Here, I will give a simple example to illustrate the difference between the first three methods of derivation. As for automatic differentiation, the details will be described in later sections. Suppose we need to calculate the gradient of $x=1$ for the function $ f(x)=x(1-2x)^2 $. The calculation process of different methods is as follows:

Method 1：
$$ f(x)=x-4x^2+4x^3 $$
$$ f’(x)=1-8x+12x^2 $$
$$ f’(1)=5 $$
Method 2 ($ h $ can be any other minimum value):
$$ f’(x) \approx \frac{f(x-h)+f(x+h)}{2h}=\frac{f(1-0.00001)+f(1+0.00001)}{2*0.00001}=5.000003999999669 $$
Method 3:
$$ f’(x)=(1-2x)^2 -4x(1-2x) $$
$$ f’(1)=5 $$

From this simple example we can see the shortcomings of the first three methods. Manual differentiation is time consuming and prone to error. Numerical differentiation is simple to implement but can be highly inaccurate and calculation consuming. Symbolic differentiation addresses the weaknesses of both the manual and numerical methods, but often results in complex and cryptic expressions plagued with the problem of “expression swell”.

Although AD provide numerical values of derivatives and and it does so by using symbolic rules of differentiation, AD is either a type of numerical or symbolic differentiation. In order to implement the AD, we usually need to build a computation graph. Below is the computation graph of the example $ f(x_1, x_2)=log(x_1) + x_1x_2-sin(x_2) $.

Based on computation graph, there are two methods to implement AD: forward mode and reverse mode. AD in forward mode is the conceptually most simple type. For writing convenience, let $ \dot{v_i}=\frac{\partial v_i}{\partial x_1} $. So we can calculate the gradients in forward mode.

Forward Primal Trace	Forward Derivative Trace
$$ v_0=x_1=2 $$ $$ v_1=x_2=5 $$	$$ \dot{v_0}=\dot{x_1}=1 $$ $$ \dot{v_1}=\dot{x_2}=0 $$
$$ v_2=log(v_0)=log2 $$ $$ v_3=v_0v_1=10 $$ $$ v_4=sin(v1)=sin5 $$ $$ v_5=v_2+v_3=0.693+10 $$ $$ v_6=-v_4=-sin5 $$ $$ v_7=v_5+v_6=10.693+0.959 $$	$$ \dot{v_2}=\dot{v_0}/v_0=1/2 $$ $$ \dot{v_3}=\dot{v_0}v_1 + v_0\dot{v_1}=5 $$ $$ \dot{v_4}=cos(v_1)\dot{v_1}=0 $$ $$ \dot{v_5}=\dot{v_2} + \dot{v_3}=5.5 $$ $$ \dot{v_6}=-\dot{v_4}=0 $$ $$ \dot{v_7}=\dot{v_5} + \dot{v_6}=5.5 $$
$$ y=v_7=11.652 $$	$$ \dot{y}=\dot{v_7}=5.5 $$

Reverse mode is similar to forward mode, except that the gradient needs to be calculated backwards.

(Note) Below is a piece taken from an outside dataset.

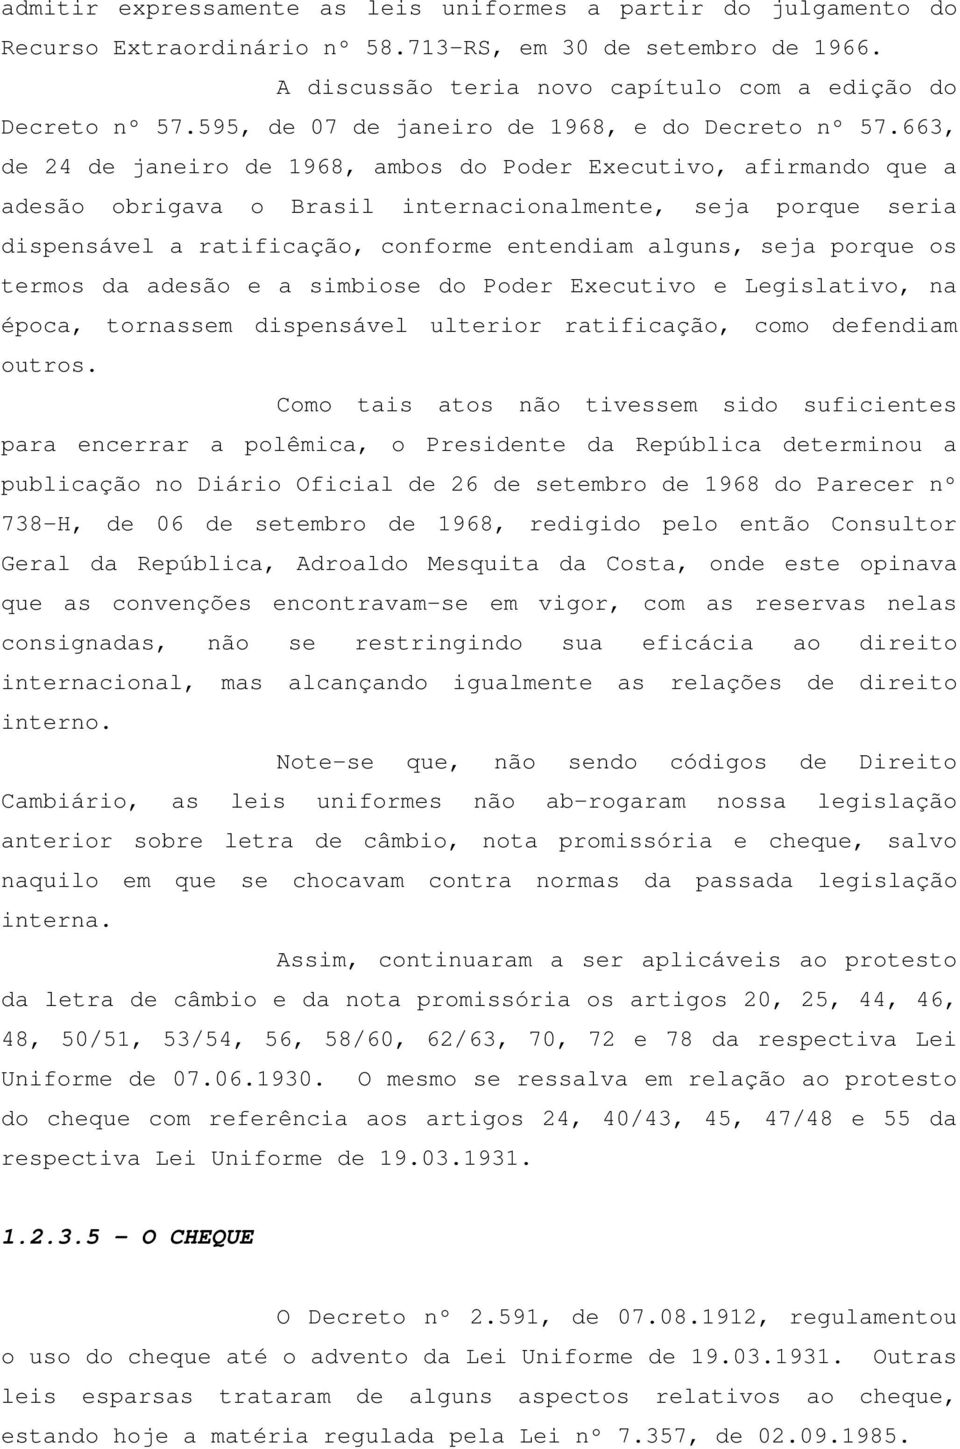 663, de 24 de janeiro de 1968, ambos do Poder Executivo, afirmando que a adesão obrigava o Brasil internacionalmente, seja porque seria dispensável a ratificação, conforme entendiam alguns, seja

Let $\bar{v_i}=\frac{\partial y}{\partial v_i}$. We can calculate the gradients in reverse mode.

Forward Primal Trace	Reverse Derivative Trace
$$ v_0=x_1=2 $$ $$ v_1=x_2=5 $$	$$ \bar{v_0}=\bar{v_0}^{(1)} + \bar{v_0}^{(2)}=5.5 $$ $$ \bar{v_0}^{(1)}=\bar{v_2}\frac{\partial v_2}{\partial v_0}=\frac{1}{2} $$ $$ \bar{v_0}^{(2)}=\bar{v_3}\frac{\partial v_3}{\partial v_=}=5 $$ $$ \bar{v_1}=\bar{v_4}\frac{\partial v_4}{\partial v_1}=-cos5 $$
$$ v_2=log(v_0)=log2 $$ $$ v_3=v_0v_1=10 $$ $$ v_4=sin(v1)=sin5 $$ $$ v_5=v_2+v_3=0.693+10 $$ $$ v_6=-v_4=-sin5 $$ $$ v_7=v_5+v_6=10.693+0.959 $$	$$ \bar{v_2}=\bar{v_5}\frac{\partial v_5}{\partial v_2}=1 $$ $$ \bar{v_3}=\bar{v_5}\frac{\partial v_5}{\partial v_3}=1 $$ $$ \bar{v_4}=\bar{v_6}\frac{\partial v_6}{\partial v_4}=-1 $$ $$ \bar{v_5}=\bar{v_7}\frac{\partial v_7}{\partial v_5}=1 $$ $$ \bar{v_6}=\bar{v_7}\frac{\partial v_7}{\partial v_6}=1 $$ $$ \bar{v_7}=\frac{\partial v_7}{\partial v_7}=1 $$
$$ y=v_7=11.652 $$	$$ \bar{y}=\bar{v_7}=1 $$

The above two tables demonstrate AD based on forward mode and reverse mode, respectively. Only the gradient for $ x_1 $ is calculated in the tables, and the gradient calculation for $ x_2 $ is similar, I don’t want to repeat it.

AD algorithm

The idea of the reverse mode is closer to backpropagation and is easier to program. Therefore, in practice we usually use reverse mode to implemente AD. The pseudo-code of AD based on the reverse mode is as follows:

def gradient(output_node):
    node_to_grad = {}
    node_to_grad[output_node] = 1
    # Get the reverse order topological arrangement of the nodes in computation graph
    reverse_topo_order = reversed(find_topo_sort(output_node))
    for node in reverse_topo_order:
        grad <-- sum partial adjoints from output edges of node
        # calculate the gradient of the inputs
        input_grads <-- node.op.gradient(node, grad)
        add input_grads to node_to_grad
    return node_to_grad

To better understand this algorithm, let’s look at a concrete example (You can find the implementation of this example in the test_exp function of the autodiff_test.py file).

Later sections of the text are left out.